An introduction to the DataOps discipline

DataOps is a collaborative data management discipline that focuses on end-to-end data management and the elimination of data silos. There are many DataOps definitions provided by the various thought leaders in this space, such as IBM, Gartner, Eckerson Group, Forbes, and DataKitchen, all of which essentially define it as "the orchestration of people, processes, and technology to accelerate the quick delivery of high-quality data to data users." Built on software development frameworks such as Agile, DevOps, and Statistical Process Control, DataOps offers the following benefits:

Decreases the cycle time in deploying analytical solutions
Lowers data defects
Reduces the time required to resolve data defects
Minimizes data silos

DataOps dimensions

There are three dimensions across which DataOps is executed: people, processes, and technology. It requires the organization of a team to promote collaboration and drive culture change, to identify and develop processes that transform existing data pipelines into DataOps pipelines, and absorb its value and identifying advantageous technical product features in a DataOps technology.

Triangular diagram of the three DataOps dimensions of People (management and usage), Processes (business use case, KPI-driven), and Technology (data pipeline orchestration and management)

The DataOps team

DataOps supports a highly productive and tightly collaborative team that uses automation technology to help deliver efficiency gains.
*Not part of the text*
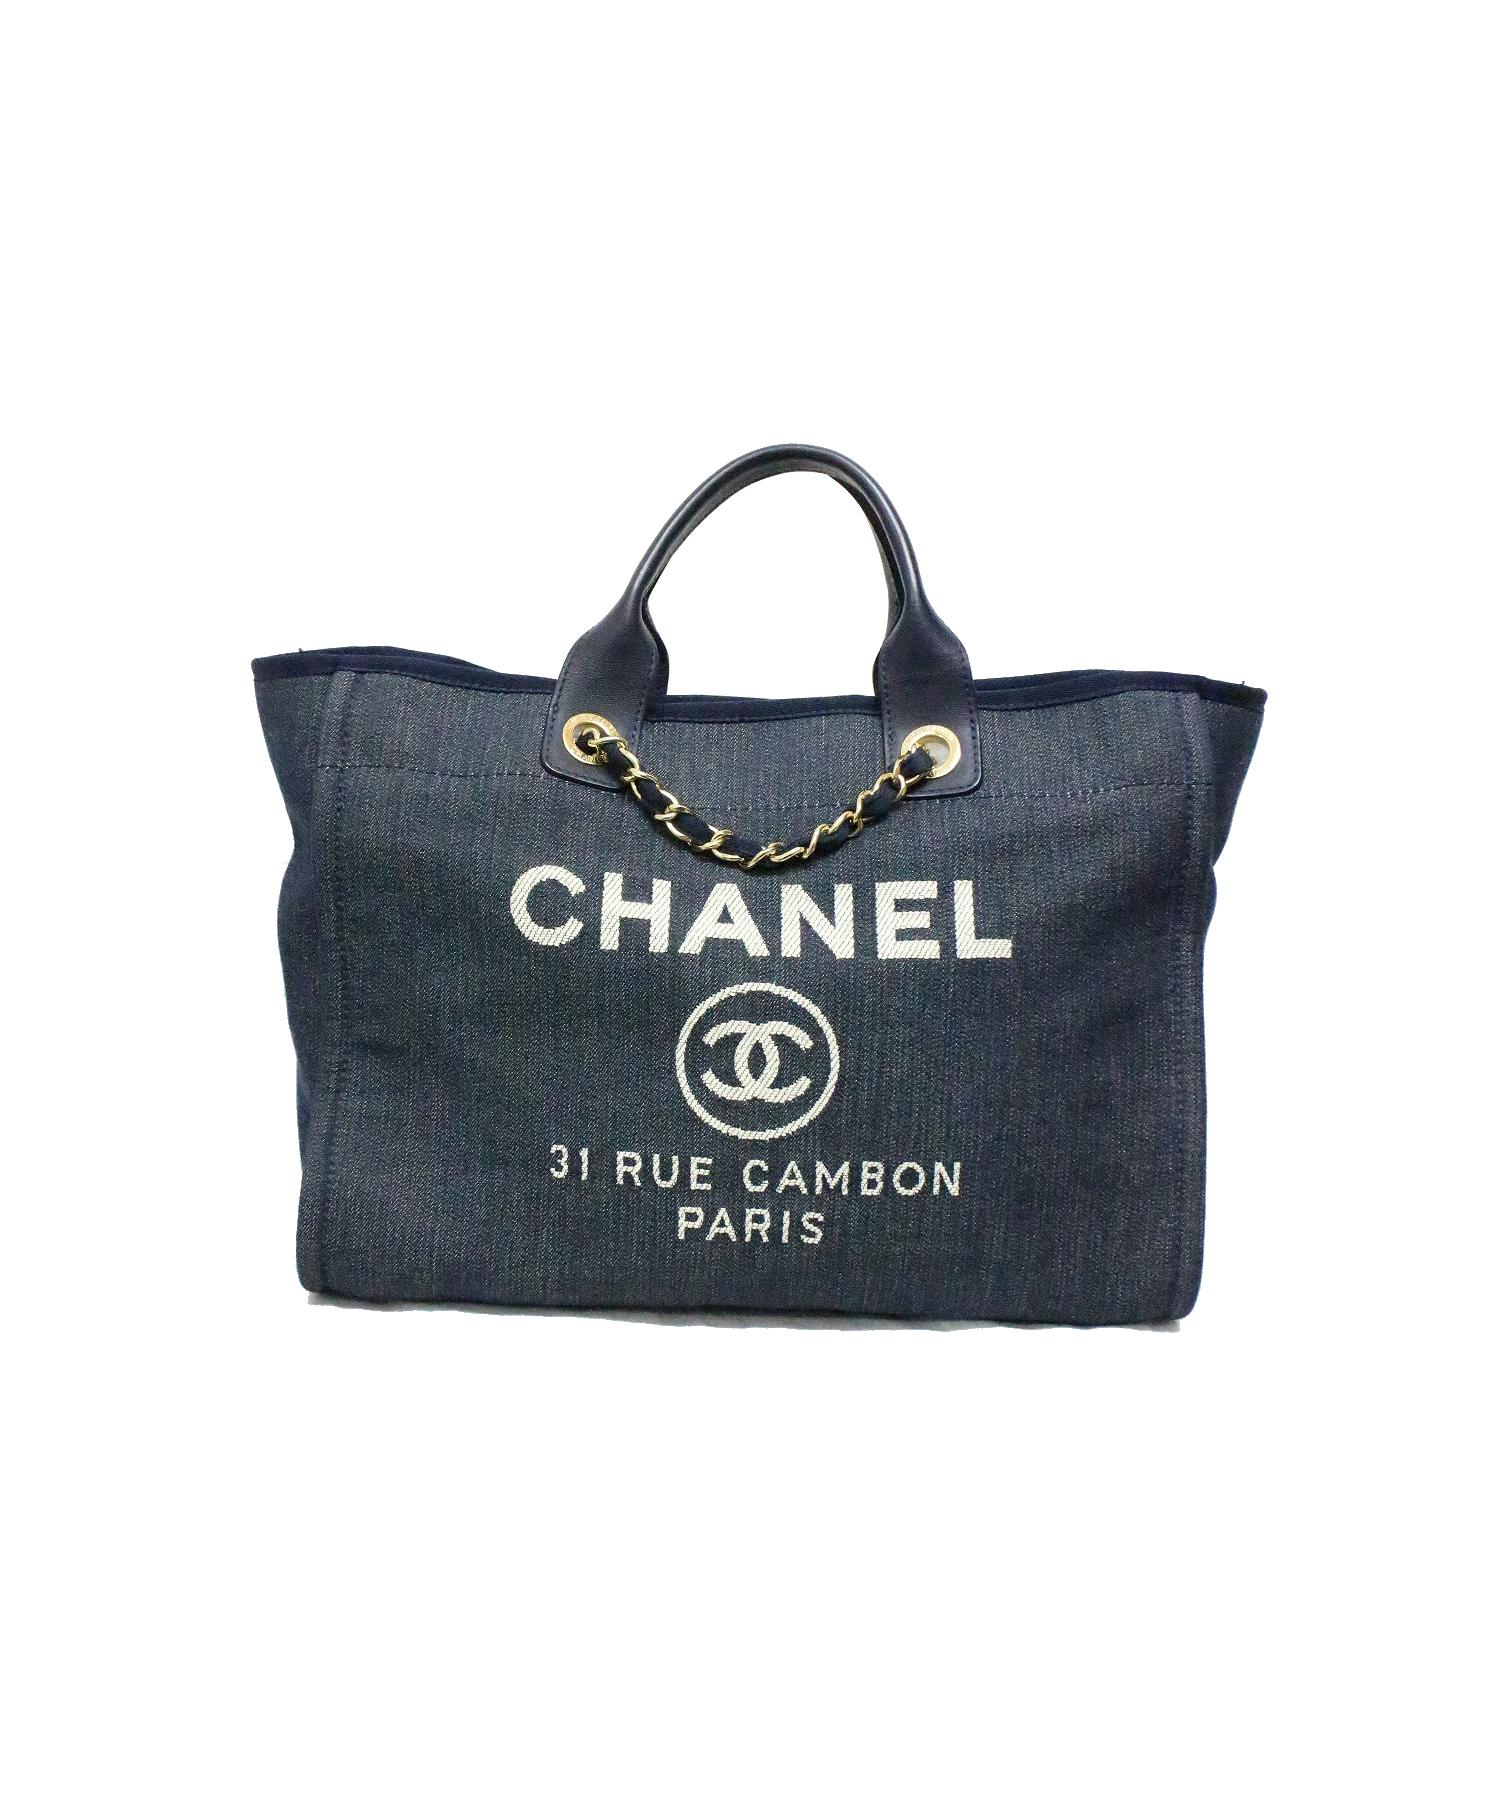 newest collection 3f618 06773 [中古]CHANEL(シャネル)のレディース バッグ デニムチェーントートバッグ

It comprises DataOps managers, such as data engineers, information architects, and DataOps engineers who are responsible for leading the delivery, management, and support of high-quality, mission-ready data at scale.

Data engineers are responsible for data curation, data cleansing, and data availability.
Information architects are responsible for conceptualizing the data framework. They work with the relevant stakeholders within the enterprise to understand the business challenges and translate them into requirements and solutions.
DataOps engineers are responsible for the frequent and timely releases of data pipelines and data products into production. Their responsibilities include end-to-end management and automation of the provision of environments, the data on the data platforms, deployment, testing, release, security, and monitoring processes.

In addition to the DataOps managers, the DataOps team also consists of DataOps consumers, such as data scientists and data analysts, who ultimately turn the data into business value.

Data scientists conduct research and iteratively perform experiments to create algorithms and machine learning models that address questions or solve problems.
Data analysts perform analytics to summarize and synthesize massive amounts of data in the data warehouses created by data engineers. They can also create visual representations of data to better communicate information that can be used to gain insights into the data.

The DataOps process

DataOps enables you to engineer data by creating continuous end-to-end data flows using automated processes, quality control, and self-service tools. The right capabilities in technologies and tools can help you discover and deliver data in a matter of days or hours as opposed to weeks or months.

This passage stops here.